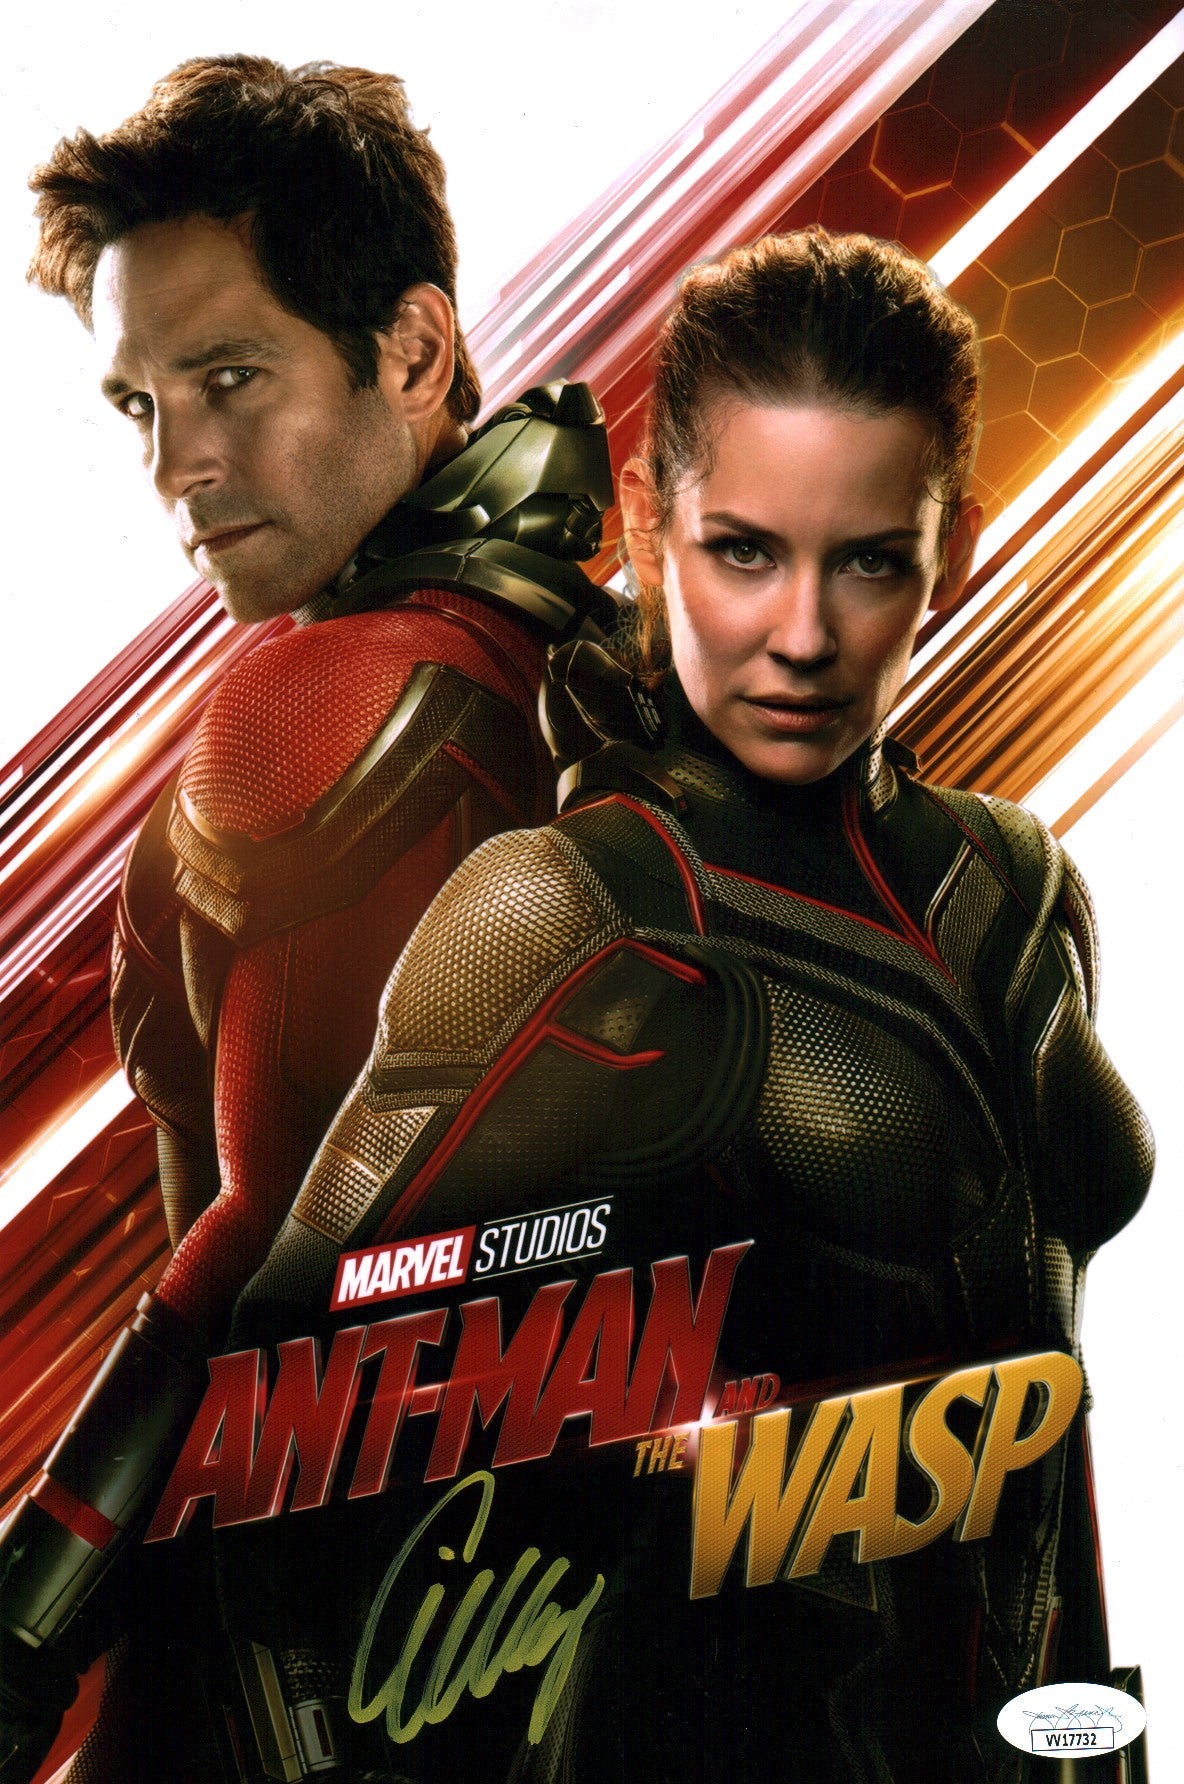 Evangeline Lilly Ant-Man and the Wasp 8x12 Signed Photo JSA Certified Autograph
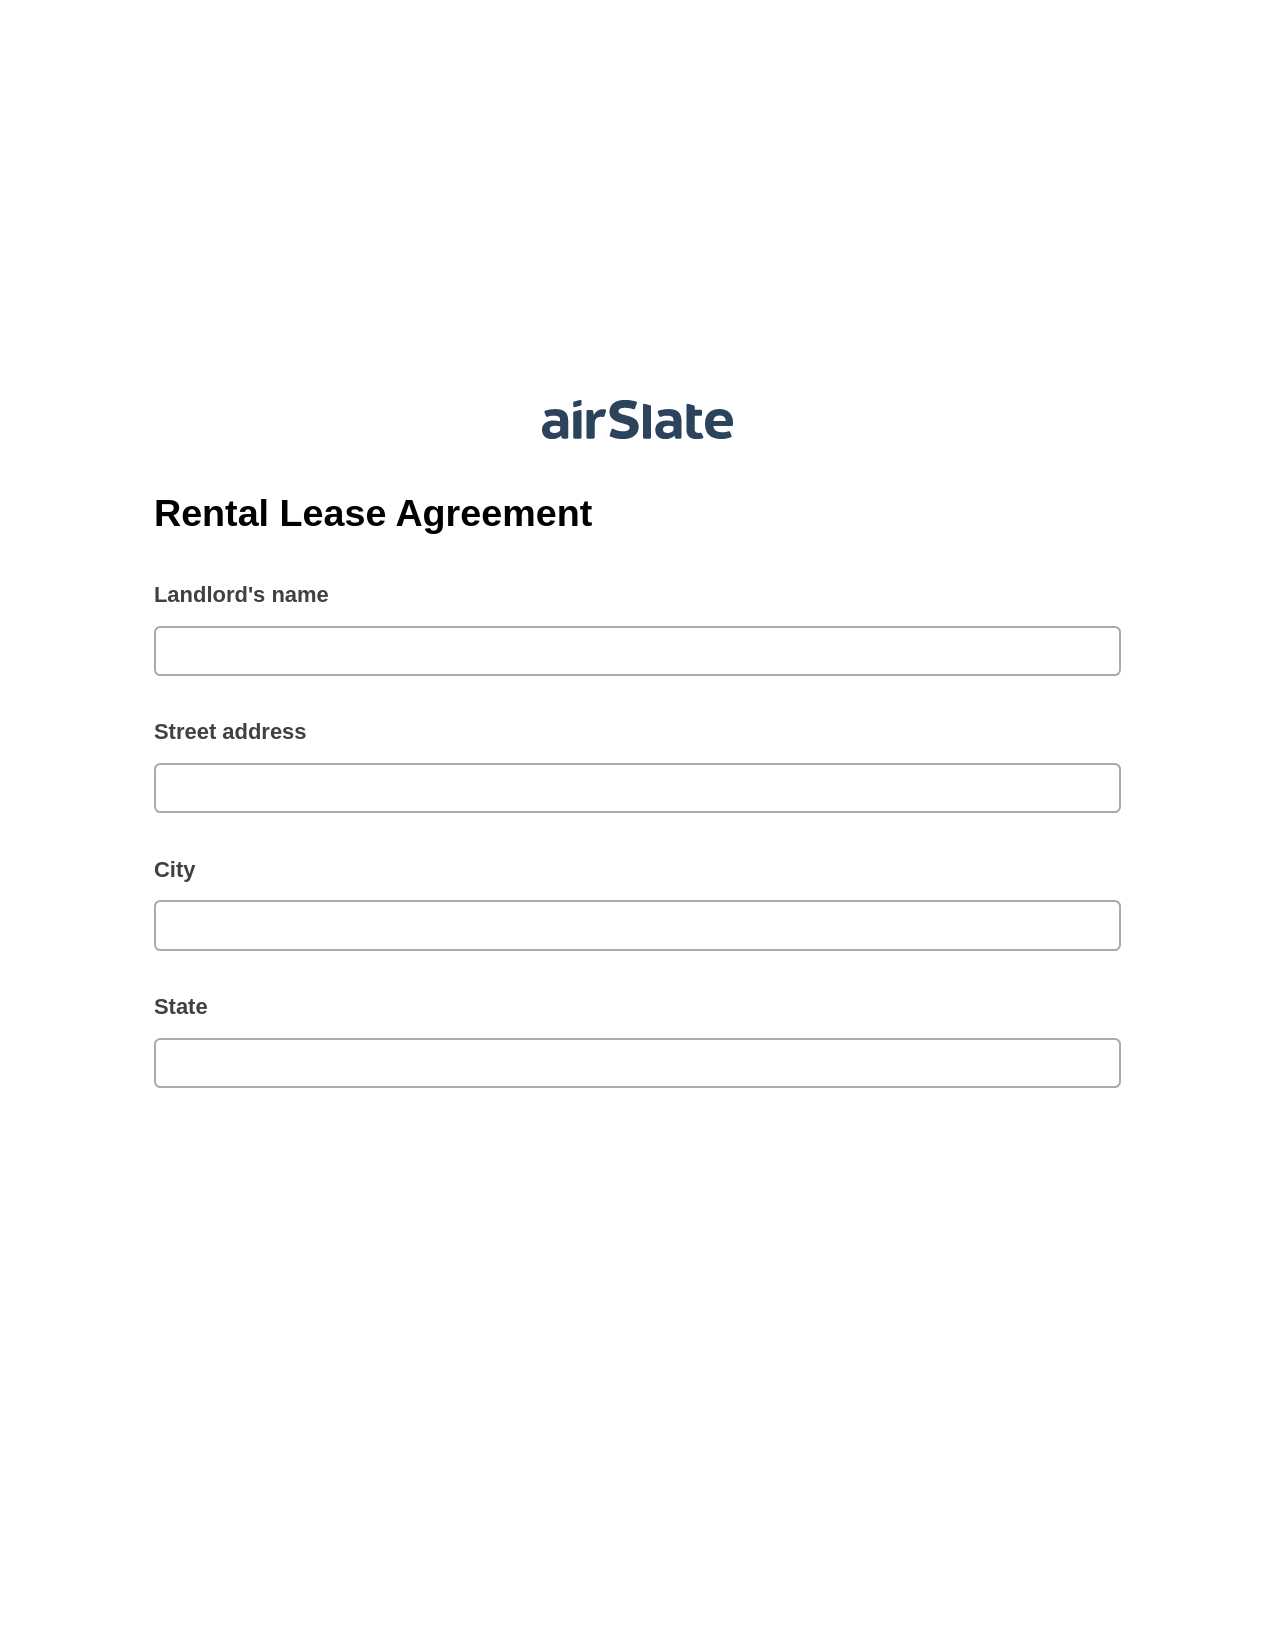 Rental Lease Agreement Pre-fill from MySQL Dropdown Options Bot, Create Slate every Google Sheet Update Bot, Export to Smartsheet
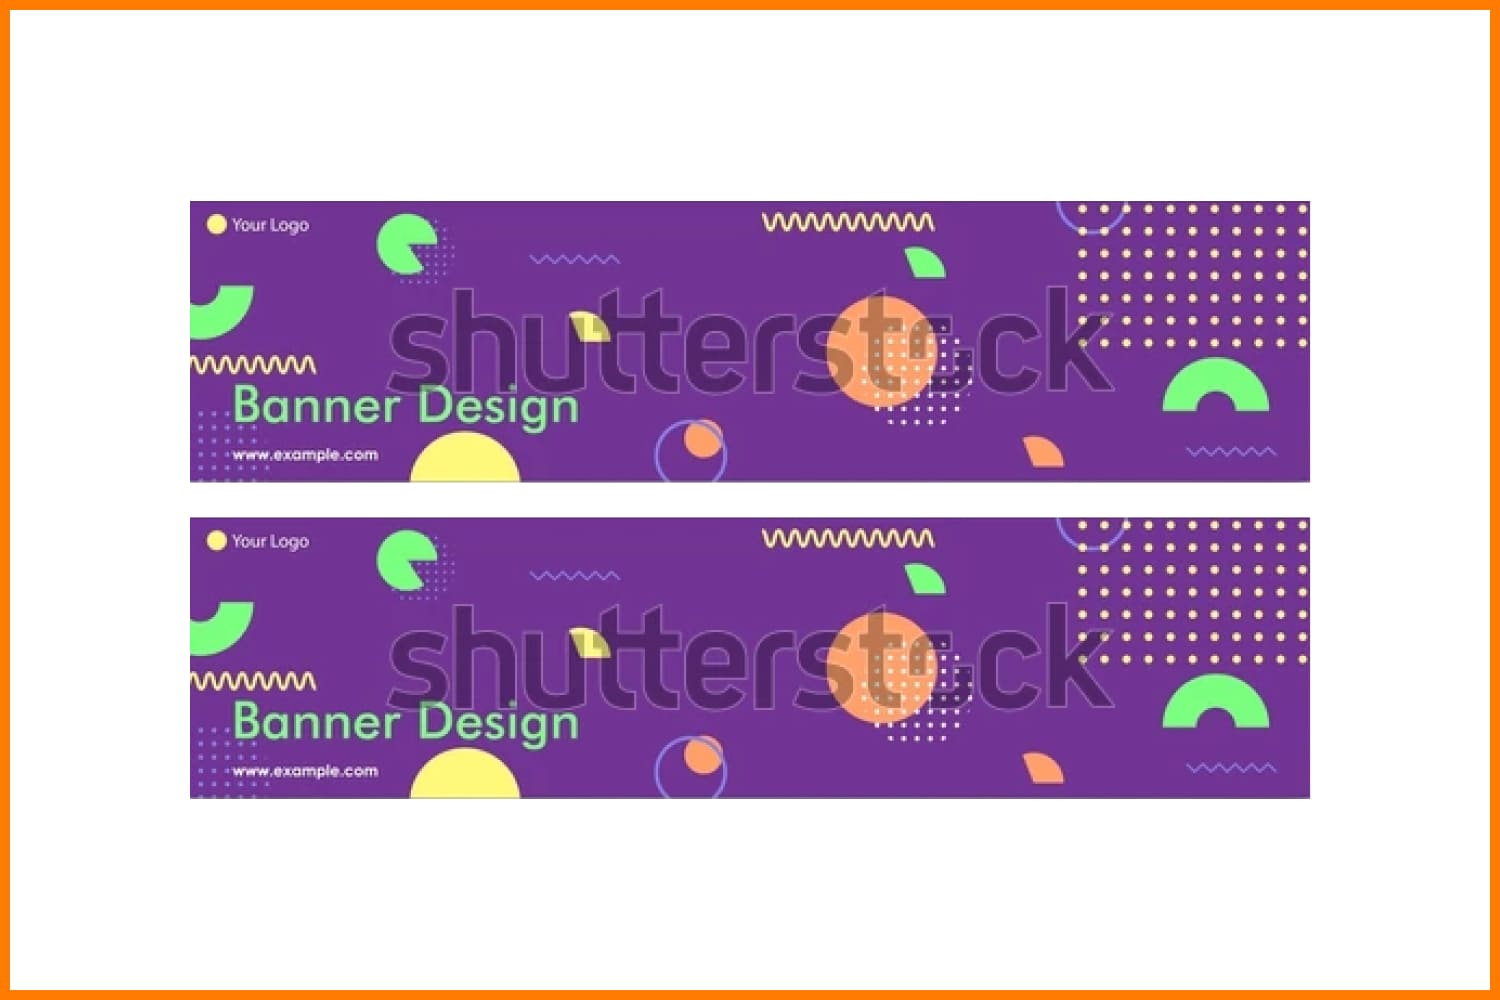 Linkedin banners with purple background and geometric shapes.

BRIEF: An exact printout of the listing is needed, minus any pictures it contains.

EXERCISE OUTPUT:
 Evangeline Lilly Ant-Man and the Wasp 8x12 Signed Photo JSA Certified Autograph
 Rental Lease Agreement Pre-fill from MySQL Dropdown Options Bot, Create Slate every Google Sheet Update Bot, Export to Smartsheet
 Linkedin banners with purple background and geometric shapes.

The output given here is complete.